The variables LTV & balance have a monotonic decreasing trend which indicates that the bad rate decreases as the value of the variable increases. The variable age has an increasing trend. However it is not monotonic and there is a flip in 50% of the bins. In order to check this, look at the second element of the list which is a data frame called bin which contains details of all the bins of the variables.

var bin count bads goods propn bad_rate iv ent
1 age age <= 34 44 19 25 44 43.18 0.2602 0.9865
2 age age > 34 & age <= 45 32 2 30 32 6.25 0.5772 0.3373
3 age age > 45 24 6 18 24 25.00 0.0025 0.8113
4 age Total 100 27 73 1 27.00 0.8399 0.7367
5 LTV LTV <= 0.77 24 13 11 24 54.17 0.3843 0.9950
6 LTV LTV > 0.77 74 14 60 74 18.92 0.1398 0.6998
7 LTV is.na(LTV) 2 0 2 2 0.00 Inf 0.0000
8 LTV Total 100 27 73 1 27.00 0.5241 0.7567
10 balance balance <= 6359 19 10 9 19 52.63 0.2718 0.9980
11 balance balance > 6359 81 17 64 81 20.99 0.0818 0.7412
12 balance Total 100 27 73 1 27.00 0.3536 0.7900

Looking at the bins of the variable age, it can be seen that the first bin has a high bad rate and contains a large proportion of the population. The bad rate of the middle bin is lower than the last bin. However if the second & third bins are combined a monotonic decreasing trend can be forced. The function forceDecrTrend can be used for this. Eg: b1 <- forceDecrTrend(b1,“age”)

We can see that once a decreasing trend is forced, the variable age is now monotonically decreasing.

var bin count bads goods propn bad_rate iv ent
5 LTV LTV <= 0.77 24 13 11 24 54.17 0.3843 0.9950
6 LTV LTV > 0.77 74 14 60 74 18.92 0.1398 0.6998
7 LTV is.na(LTV) 2 0 2 2 0.00 Inf 0.0000
8 LTV Total 100 27 73 1 27.00 0.5241 0.7567
10 balance balance <= 6359 19 10 9 19 52.63 0.2718 0.9980
11 balance balance > 6359 81 17 64 81 20.99 0.0818 0.7412
12 balance Total 100 27 73 1 27.00 0.3536 0.7900
1 age age <= 34 44 19 25 44 43.18 0.2602 0.9865
2 age age > 34 56 8 48 56 14.29 0.2880 0.5917
3 age Total 100 27 73 1 27.00 0.5482 0.7654

This function can also take multiple variables as input if a decreasing trend is to be forced on multiple variables.

Eg: forceDecrTrend(b1, c(“age”, “LTV”))


Similarly the function forceIncrTrend can be used to force a monotonically increasing trend if required. The function manualSplit can be used to manually split the variable based on specified cuts. The function naCombine can be used to combine the NA bin with either the bin having the closest bad rate or the average bad rate if the count of observations in NA bin is low.


Once this is done, the splits created can be replicated on a test dataframe to check if the same trand will hold on this.
Eg: b2 <- binTest(b1, testDf, “BAD_FLG”, c(“age”, “LTV”))


If there are a lot of flips on the test data, the variable can be discarded. Otherwise, increasing/decreasing trends can be forced on b2 to ensure that there are no flips. This can then be tested on the original data.
Eg: b1 <- binTest(b2, loanData, “BAD_FLG”, c(“age”, “LTV”))
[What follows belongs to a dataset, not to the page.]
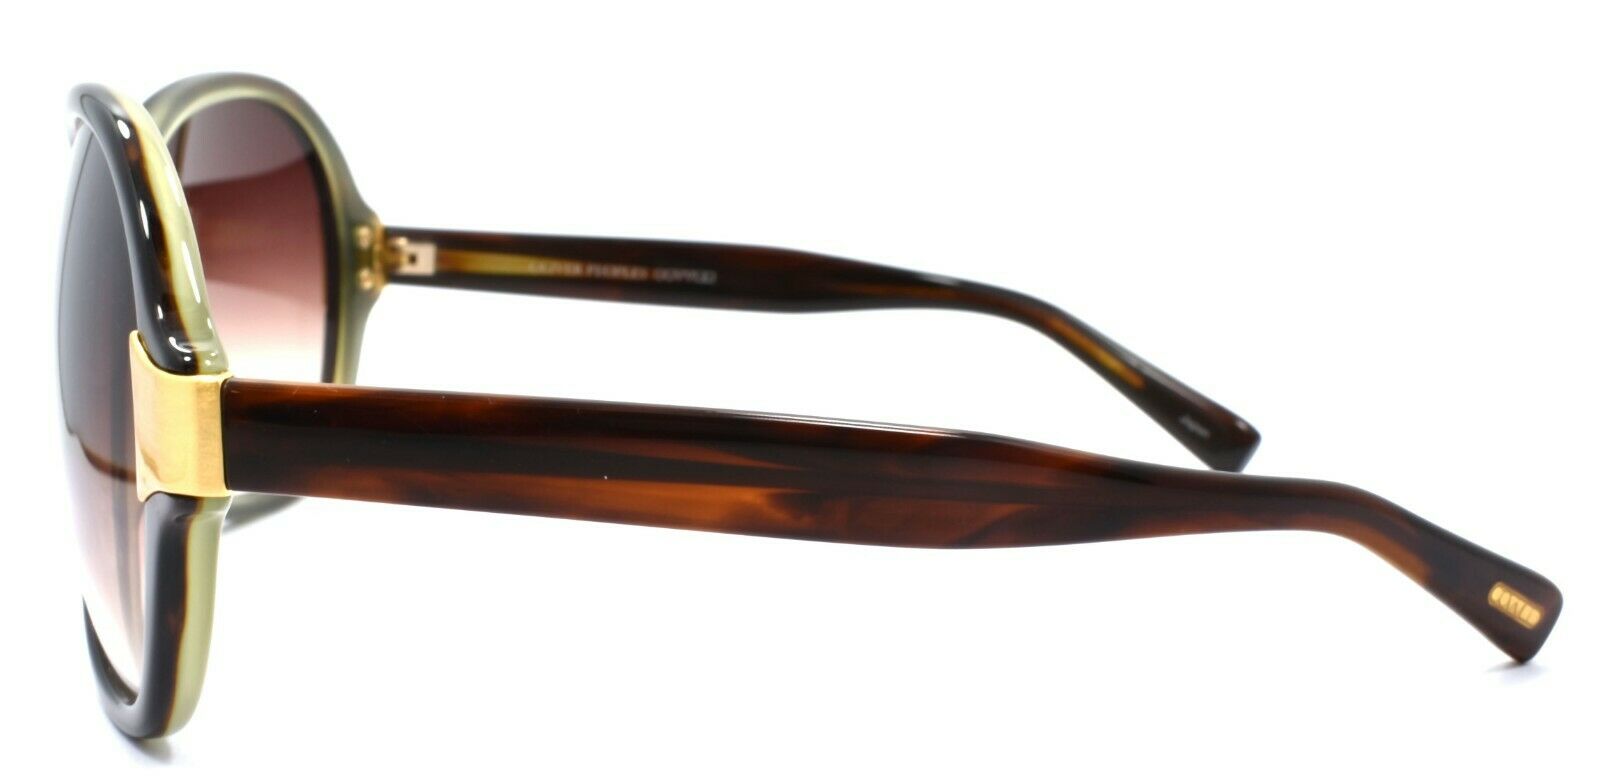 3-Oliver Peoples Leyla H Women's Sunglasses Brown Over Green / Brown Gradient &-Does not apply-IKSpecs

Once the bins have been finalized, variables can be shortlisted based on IV and linearity. The bins of these shortlisted variables can be created in the data using the function createBins.
Eg: loanData1 <- createBins(b1, loanData, c(“age”, “LTV”))

The data frame loanData1 will have all the variables of data frame loanData along with binned variables which will be created with the prefix “b_” before the original name of the variable.